In full disclosure, I’m a millennial and I’ve been called every name in the book by Baby Boomers—from “entitled” to “fantasizer” to “hard to manage.” In my experience, it’s not that millennials are horrible agency employees, it’s just that Boomer bosses resist workplace change. This gridlock only exacerbates employee and client turnover.
By 2025, three-quarters of the global workforce will be millennials. These fresh professionals bring with them a keen desire to work in a team environment, a desire for personal fulfillment, and the need for flexibility. To prepare, traditional PR agencies must shed their hundred-page employee handbooks, processes, strict workweek regimens, and heavy management styles.

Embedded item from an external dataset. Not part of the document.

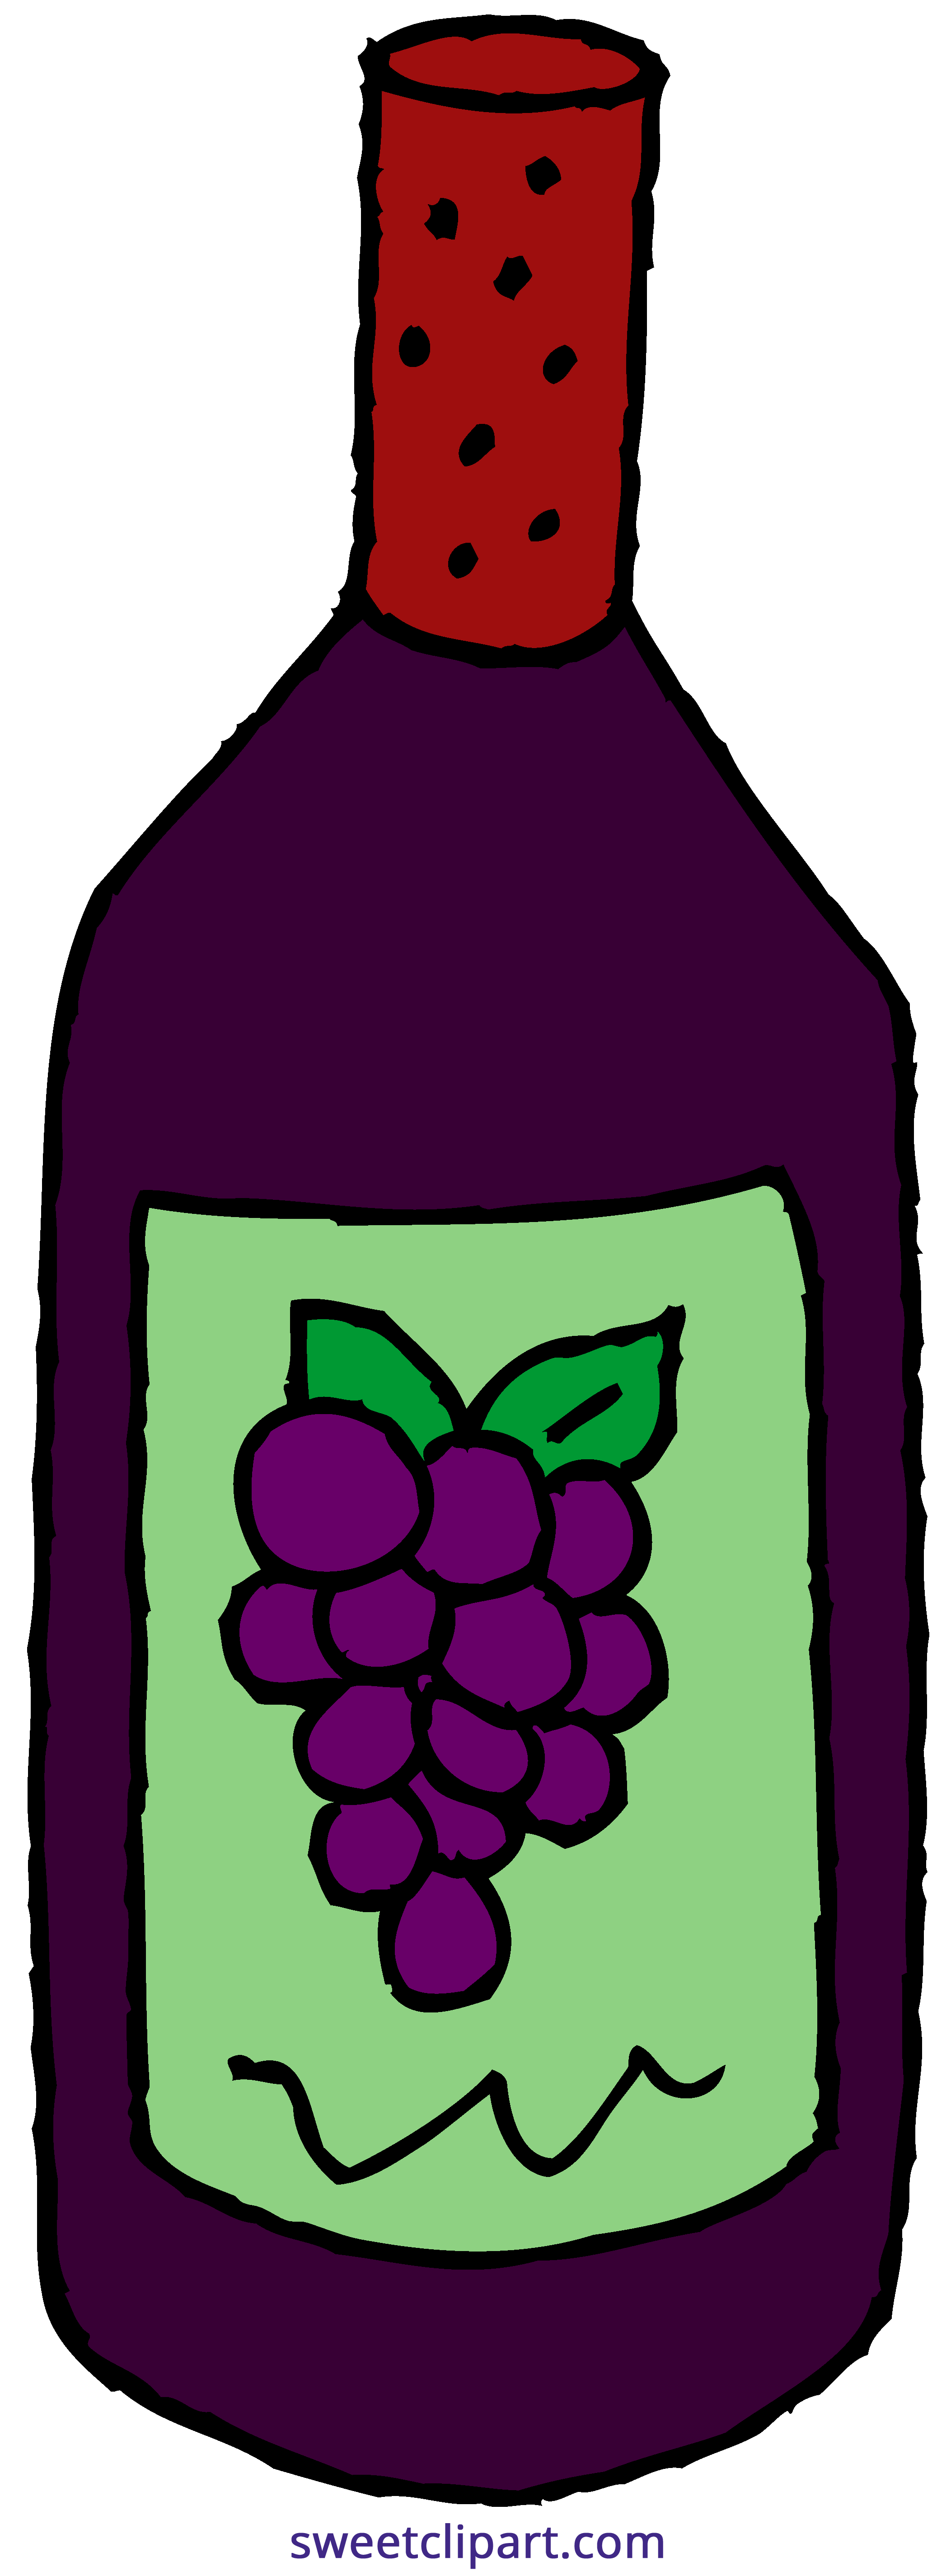 Grapes clipart wine grape. Bottle sweet clip art

The good news? Millennials are digital natives, which means we’re typically multitaskers and seek roles in which we can balance many initiatives. This makes us perfectly suited for an agency environment.
Some agencies are already embracing this trend. For example, Allison+Partners employees receive paid time off for individual community service activities of their choosing, and Coyne PR offers a “Zen den” with massage chairs, a pool table team room, a nail salon, and a bar for happy hours.

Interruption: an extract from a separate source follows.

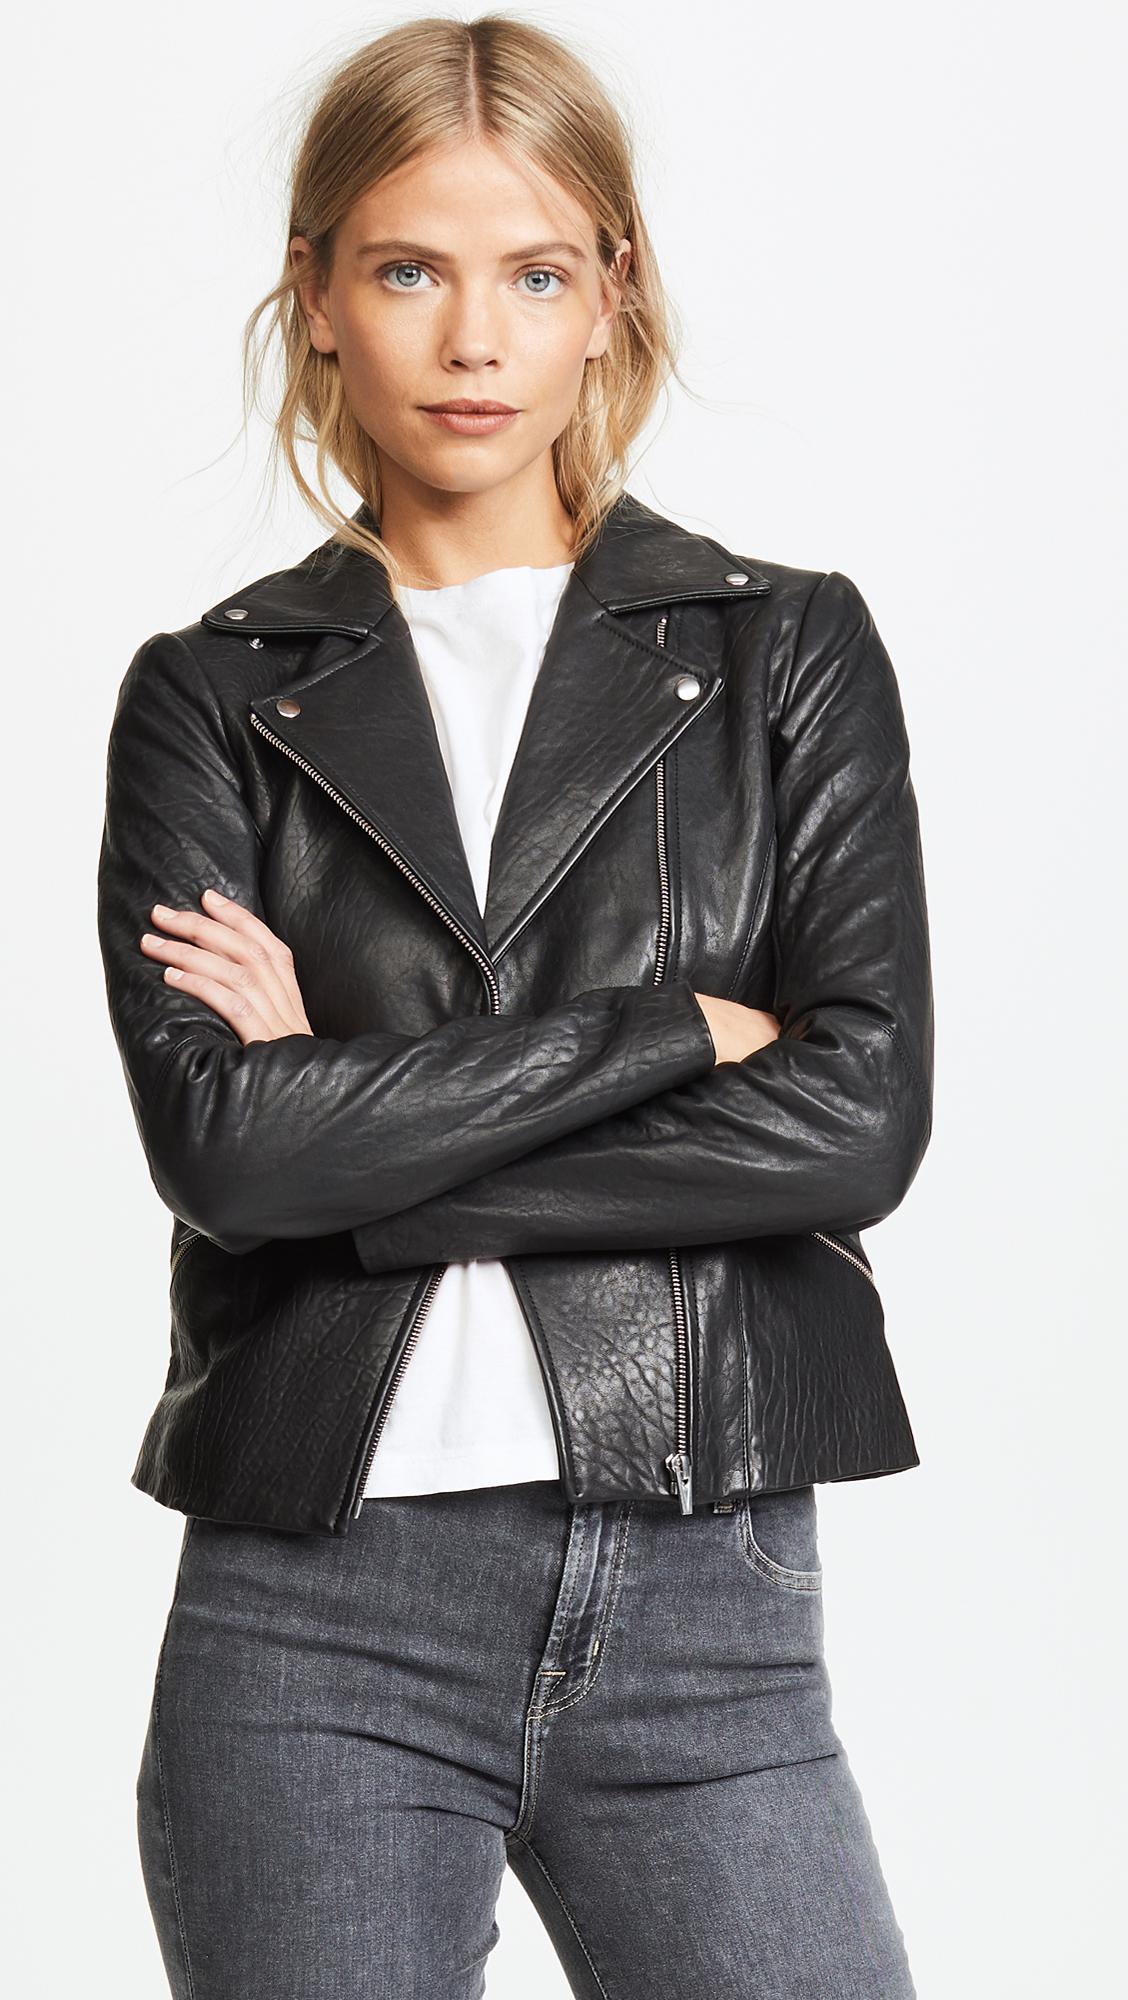 VEDA Dallas Leather Jacket in Black - Lyst

At AR|PR, our millennial-centric culture is rooted in one simple motto: Believe the best IN each other. Want the best FOR each other. Expect the best FROM each other.
This enables us to infuse fun and teamwork into our everyday efforts, while always focusing on client results. It also means we don’t have a dress code, and we give employees unlimited vacation. To prove this decision was wise, I calculated how much time I would have given employees in sick, vacation, and holiday PTO over a six-month period, and they actually took less time off. It’s all about creating a culture employees want to be a part of and feel fulfilled by.
Shifting media landscape
Today’s evolving digital landscape and media shifts are forcing PR agencies to adapt. Media platforms are moving far more rapidly than traditional agency pace, and I predict the agencies that don’t change will die.
I once had a boss tell me that our agency should have a policy of turning press releases around in 48 hours, and clients shouldn’t expect same-day, priority treatment. Au contraire. When CNN2 (now known as HLN) launched in 1982, the 24/7 news cycle was born. Most recently, social media (Twitter, specifically) has ushered in a light-speed news cycle that forces PR practitioners to respond at a rapid pace.
Moreover, traditional news media outlets are morphing into digital news engines, churning out more content than ever before. At the same time, this content is more concise and is created with a social-media-savvy audience in mind.
Boomer and Gen X agency leaders must recognize that their millennial colleagues embrace new media platforms in a much more authentic way. For example, when I was in college in the early 2000s, Facebook was just being rolled out to selected campuses.
The younger team members at my firm today use social media in a way that blows even my young mind. For this reason, agency leadership should co-mentor with younger team members. I encourage older generations to learn and absorb the practices of these digital natives and empower them to lead the agency in these respective functions.
I understand that many readers will balk at my assertions, and I can now kiss my dreams of winning a PRSA Gold Anvil goodbye. But after representing dozens of cutting-edge, disruptive technology companies, I was inspired to share my perspective on how our 100-year-old industry can collectively dream bigger, do better, and work harder.
The world relies on PR pros to tell the stories that should be told. With innovation all around us, we now have the tools and knowledge to tell these stories with more gusto than ever before. Let’s move our agencies into a new era, one that preserves our industry legacy and credibility yet attracts a new generation of talented storytellers.